All Internet users have used search engines, ALTAVISTA, INFOSEEK, Hotbot, Network Compass, Northern Daily Net and Hua Net Landscape, etc., their index databases are involved in more than 100 million pages on the Internet (Altavista and Hotbot), Peking University Tianwang also collects 320,000 WWW pages (domestic), index database establishment needs to access these pages and then index, how to do access to so many pages, now the search engine is for English or Chinese, Using an online robot to achieve online search (Yahoo! is an exception).
Online robot
Online robots are also referred to as Spider, Worm or Random, and the core is to get information on the Internet. The robot uses the hypertext link in the home page to travers the web, and references from an HTML document to another from an HTML document through the URL. The information collected by the online robot can have a variety of purposes, such as establishing an index, an HTML file verification, URL link verification, update information, site mirror icon, etc.
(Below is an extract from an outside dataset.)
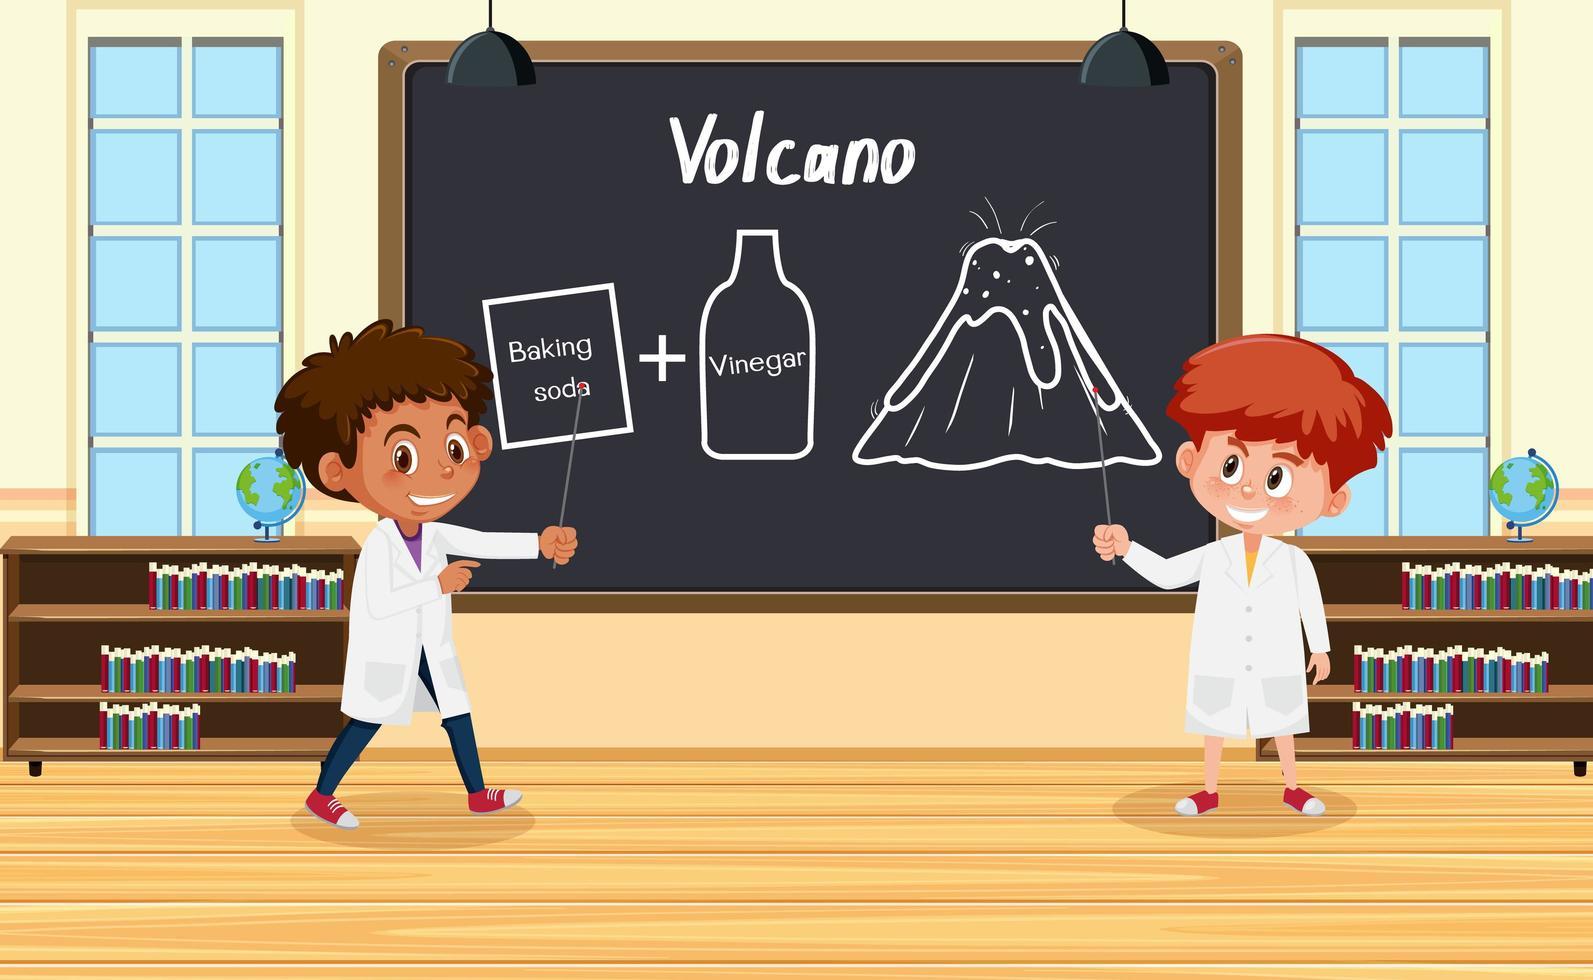 junger Wissenschaftler erklärt Vulkanexperiment vor einer Tafel im Labor vektor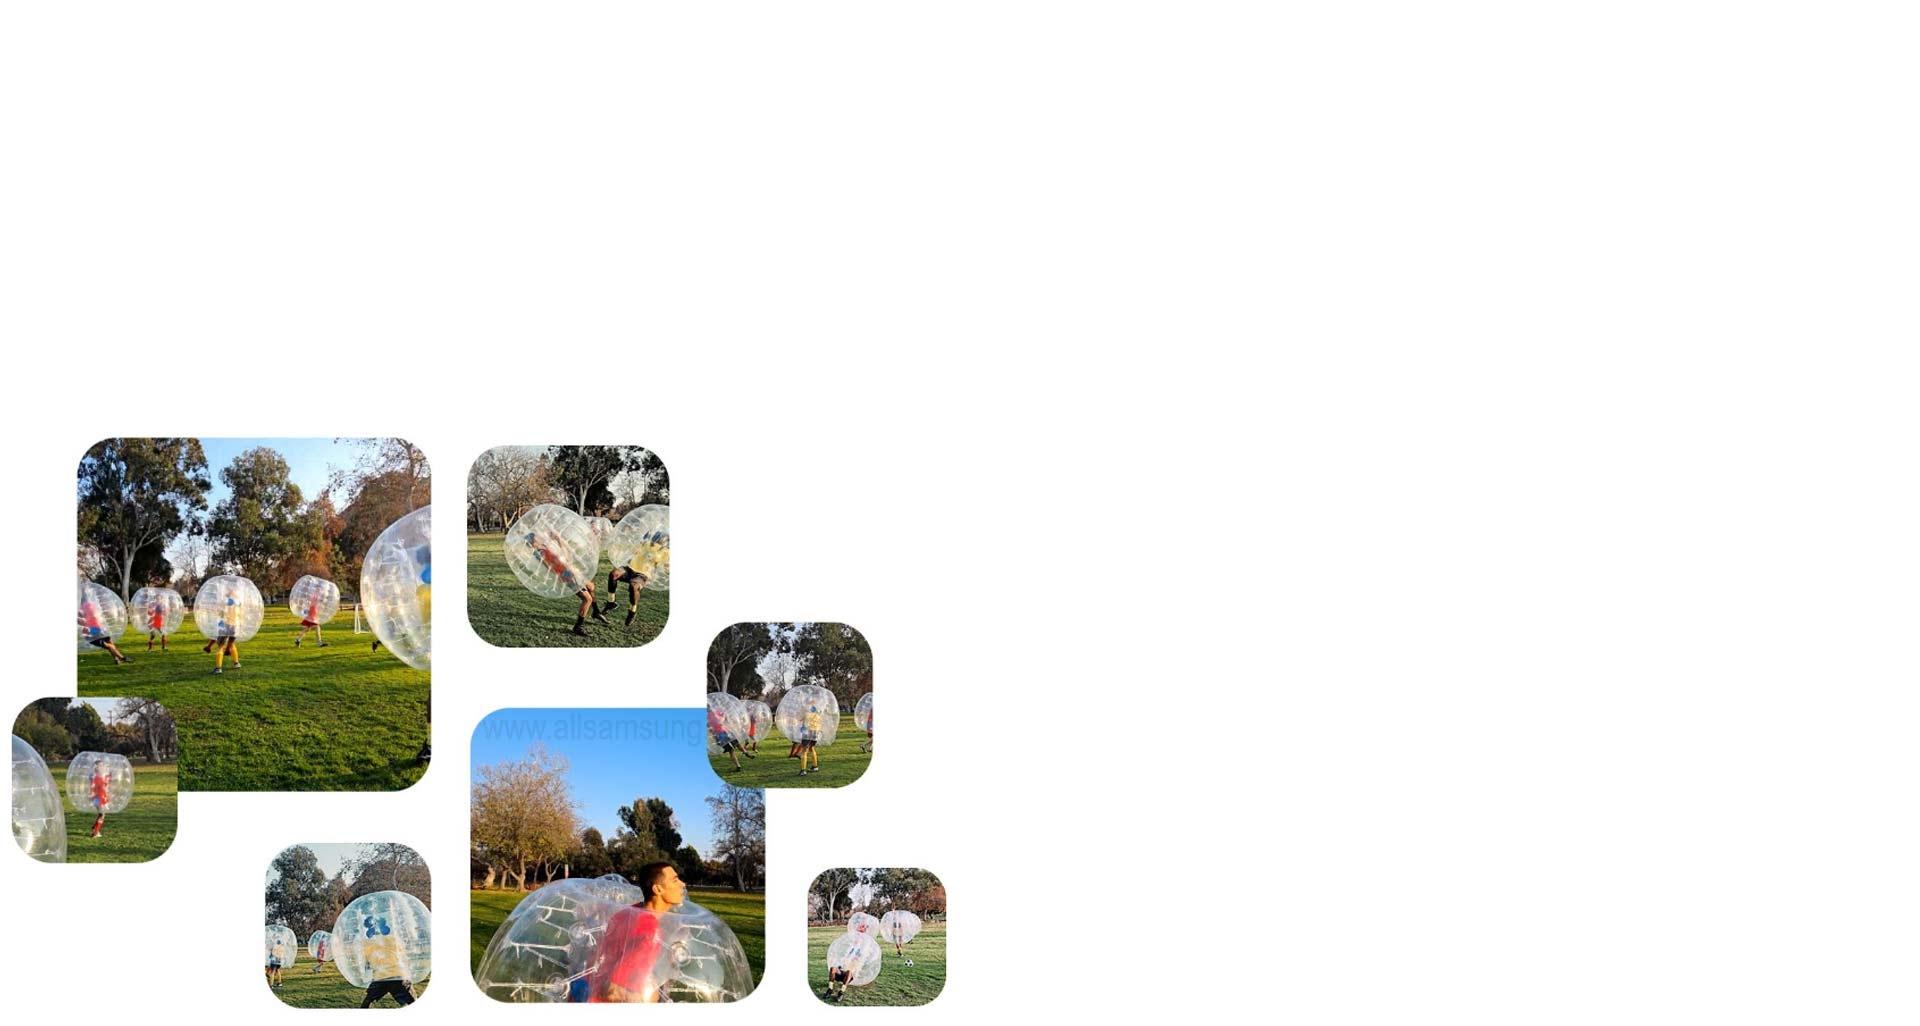 روشی کاملاً جدید برای گرفتن یک عکس و داشتن چند فرمت مختلف توسط گلکسی s20 اولترا

Robot Looking for the Algorithm for WWW Documents
The robot will crawl online and therefore need to establish a URL list to record the trajectory of access. Using hyperscribe, pointing to other documents is hidden in the document, you need to extract URLs from it; robots are generally used to generate an index database. All WWW search programs have similar steps:
1) The robot removes the URL from the list of startings and read its content from the Internet;
2) Extract some information from each document and put it in an index database;
3) Extract the URL to other documents from the document and add it to the list of URLs;
4) Repeat the above three steps until no new URL discovery or exceeds some restrictions (time or disk space);
5) Plus the query interface to the index database, release it online.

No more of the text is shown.